Try it
Below are entries; repeat exactly, and nothing else, the lines from the one holding "siesta-after-swimming-Bali" through the one holding "MatrimonyMockUpBrunswickNews.jpg", inclusive. Leave the pictures out.

Input data

* * * *

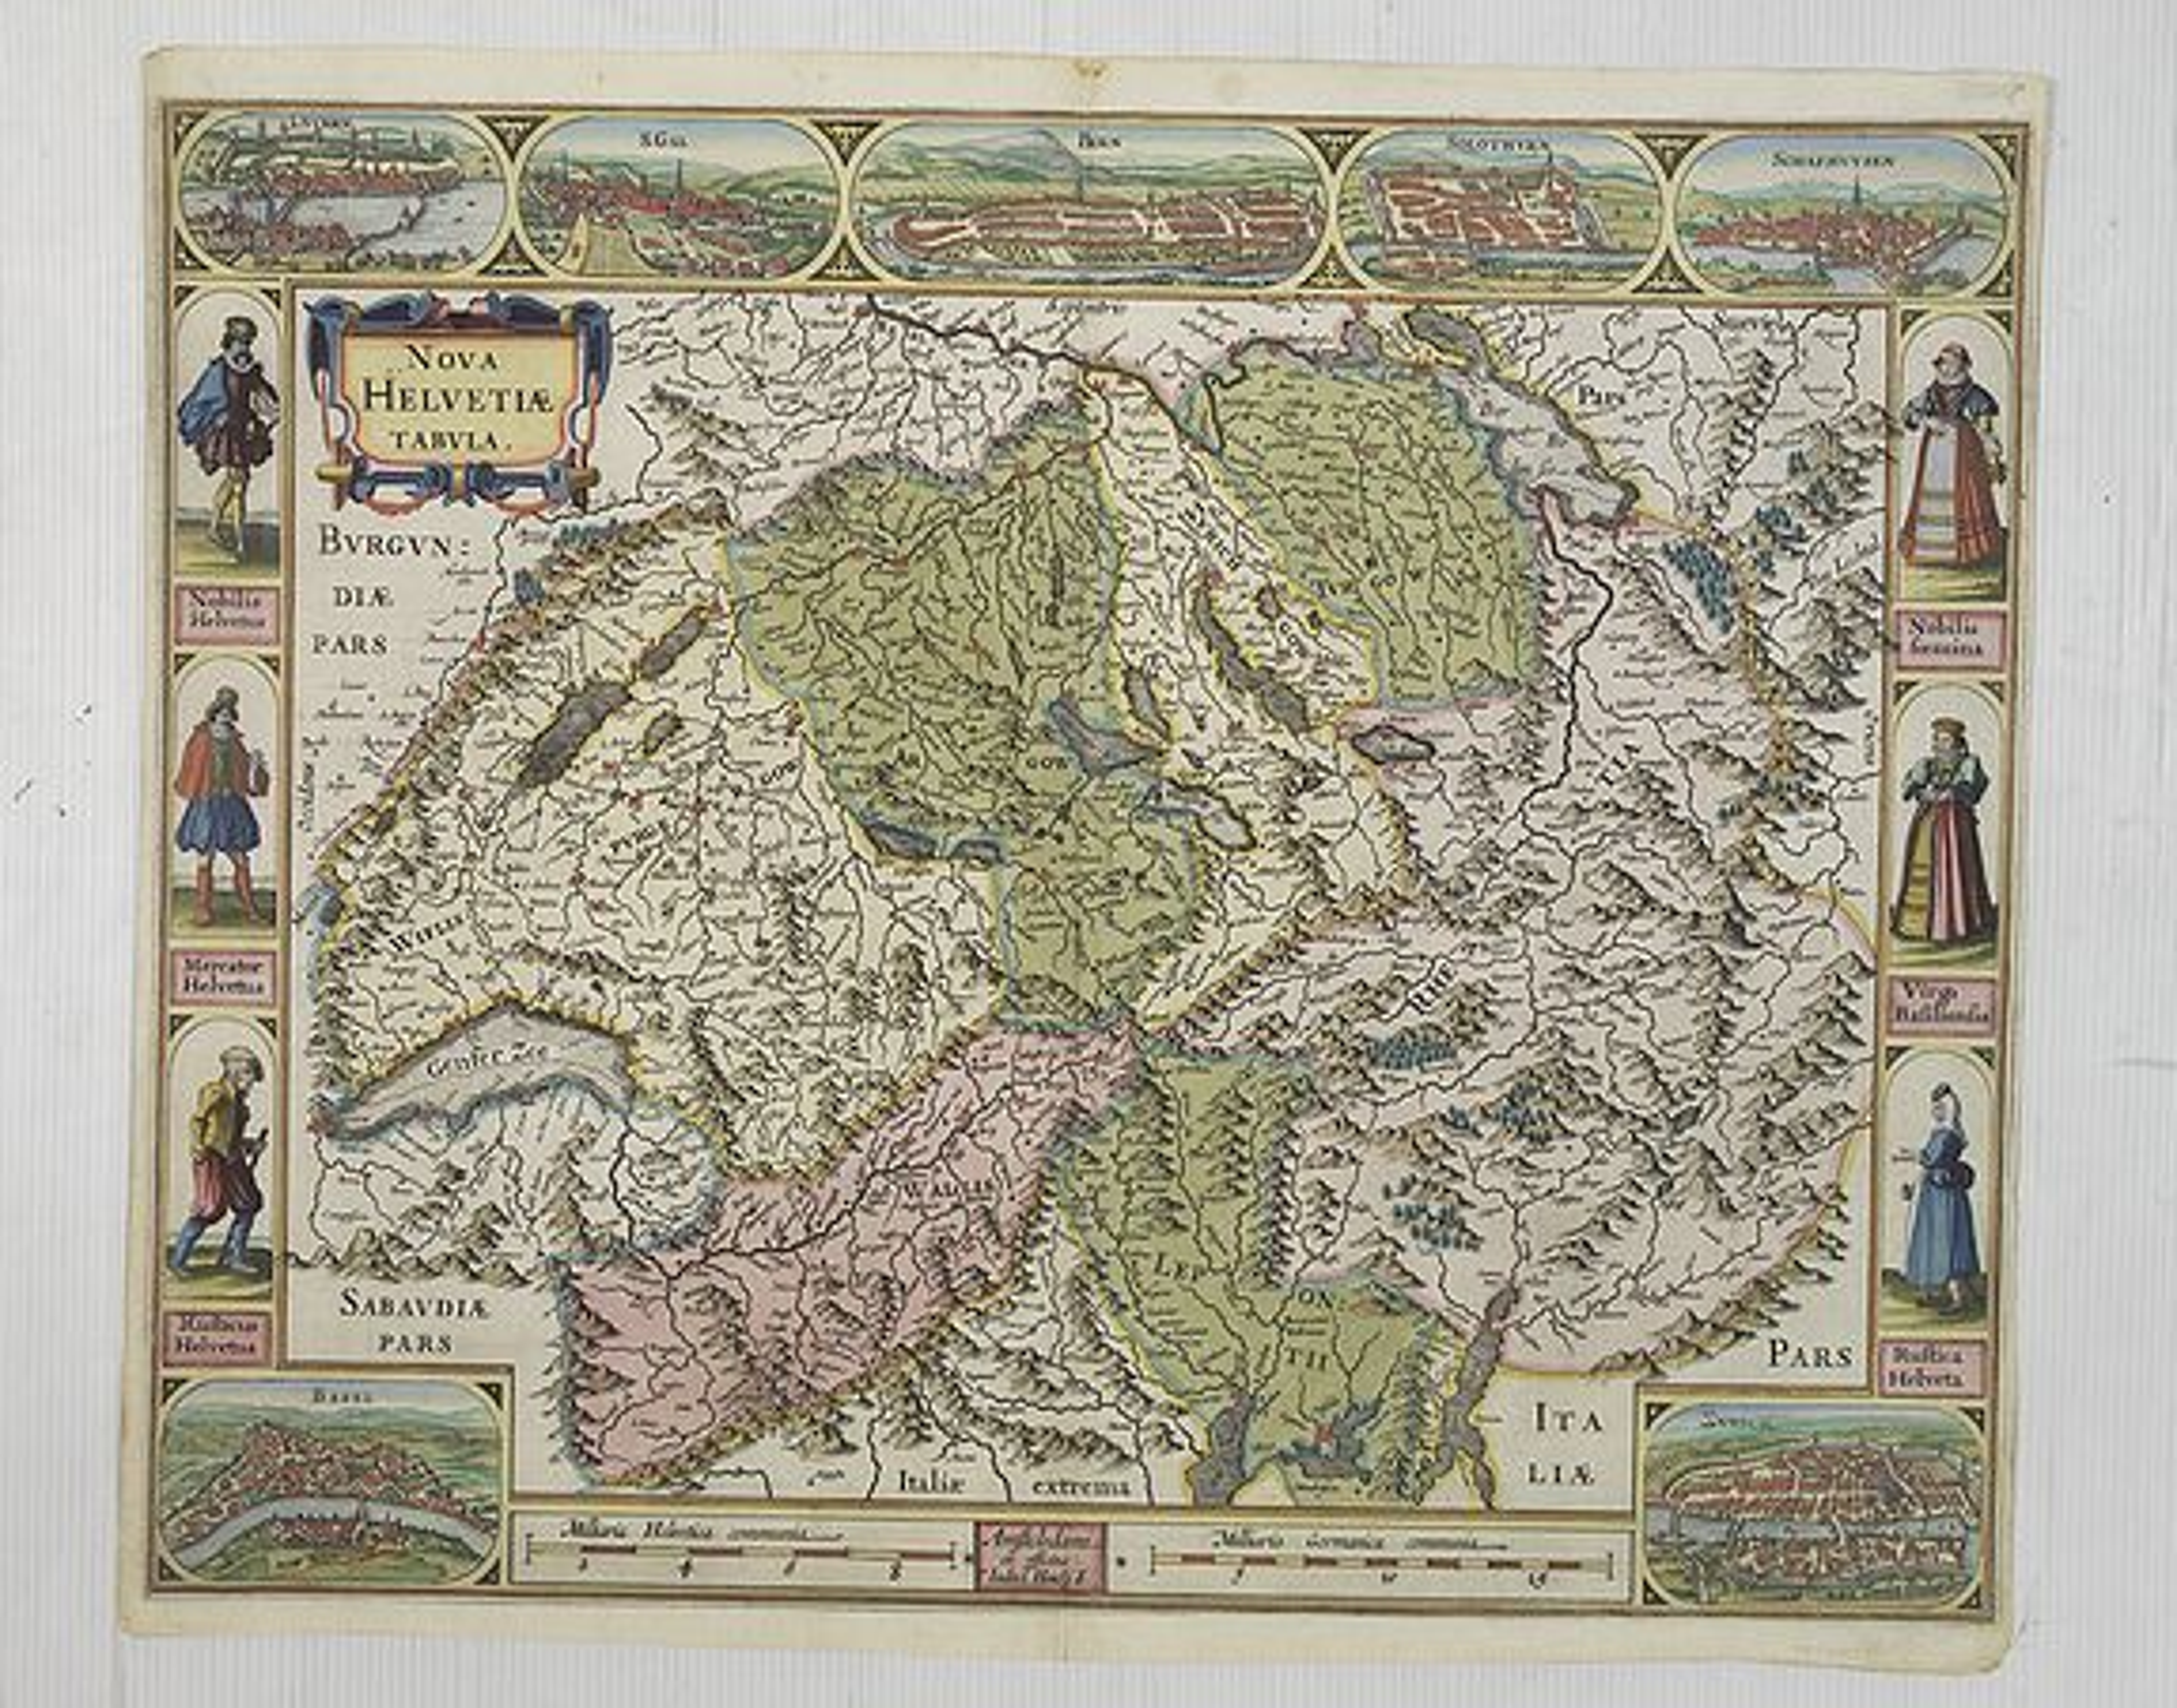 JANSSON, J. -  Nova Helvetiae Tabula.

* * * *

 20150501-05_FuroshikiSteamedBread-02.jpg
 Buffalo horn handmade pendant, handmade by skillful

* * * *

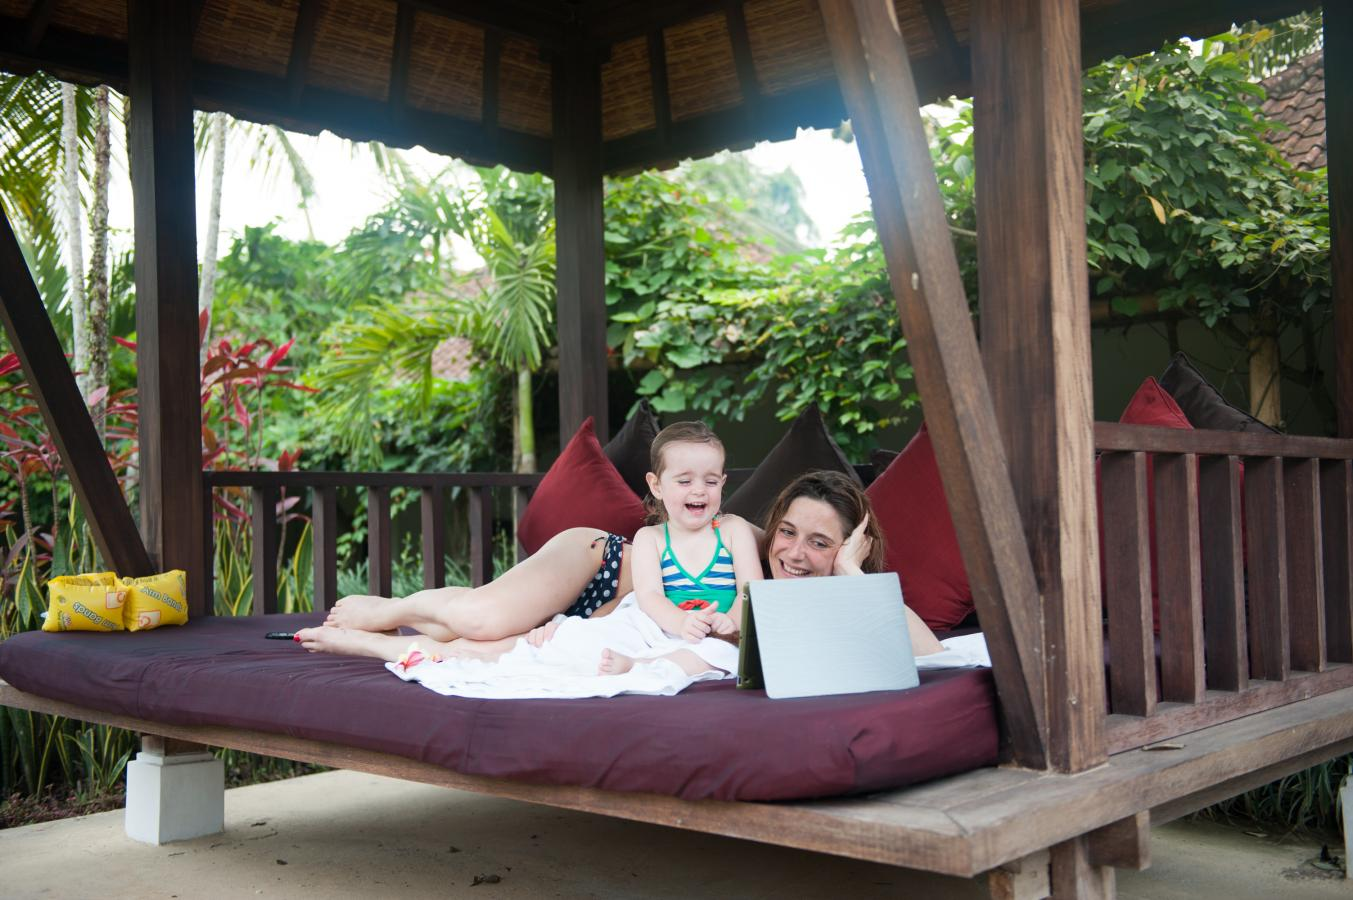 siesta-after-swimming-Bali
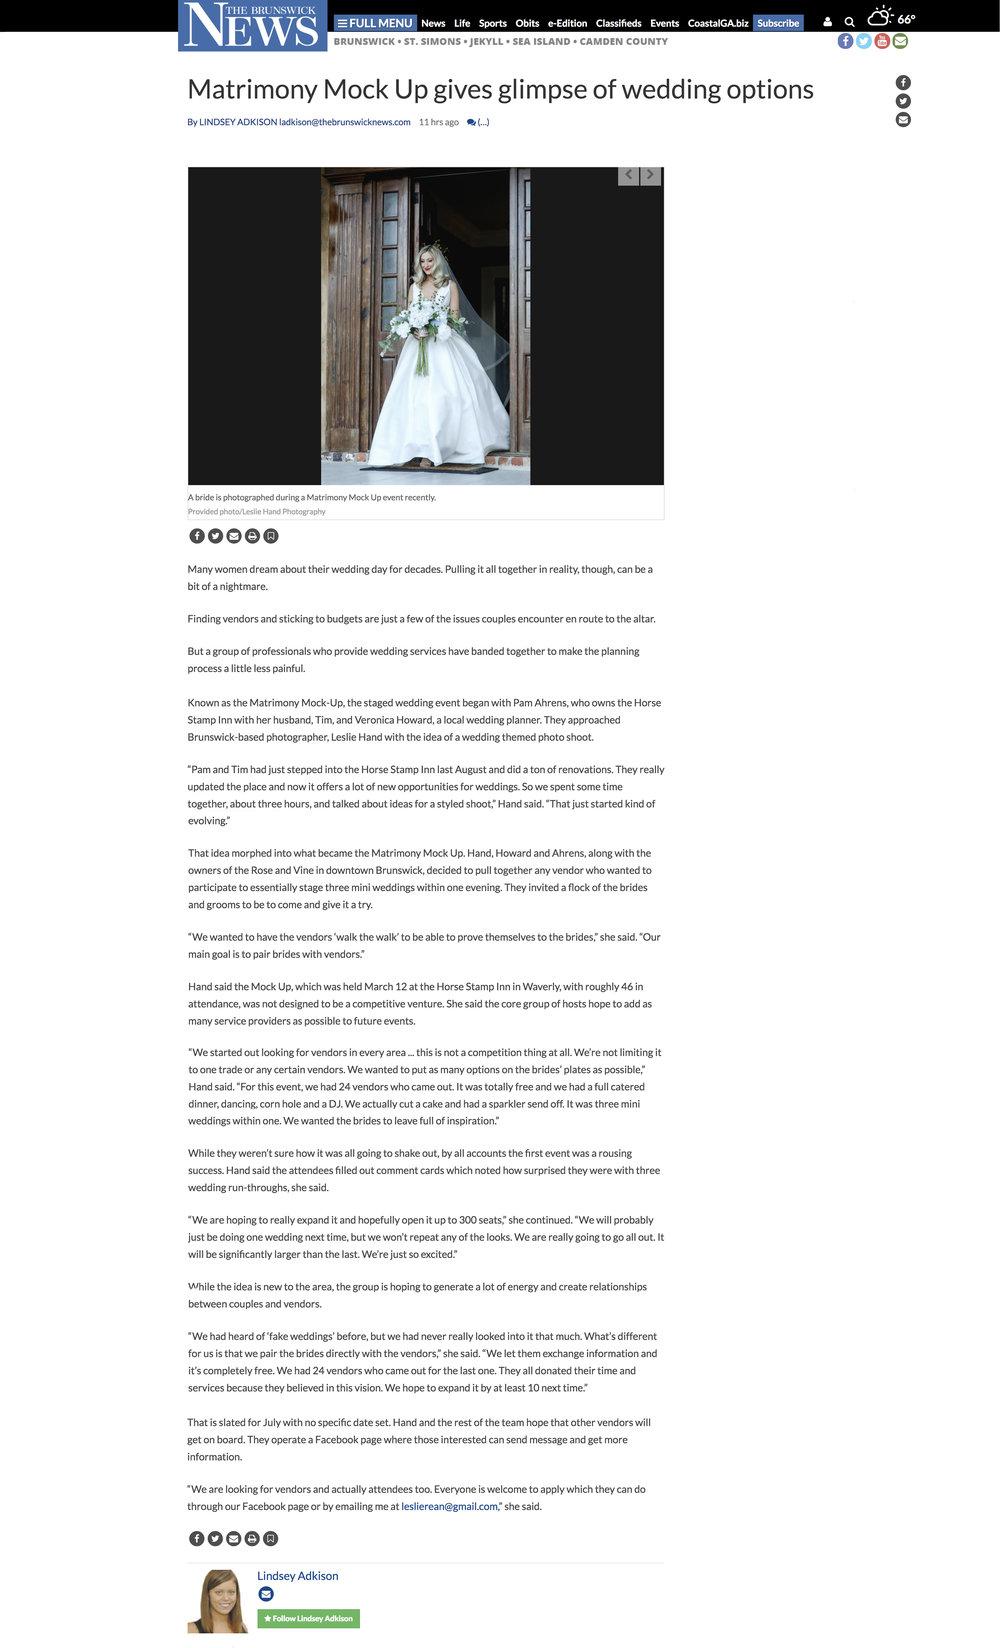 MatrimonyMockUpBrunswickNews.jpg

* * * *

Response below
 siesta-after-swimming-Bali
 MatrimonyMockUpBrunswickNews.jpg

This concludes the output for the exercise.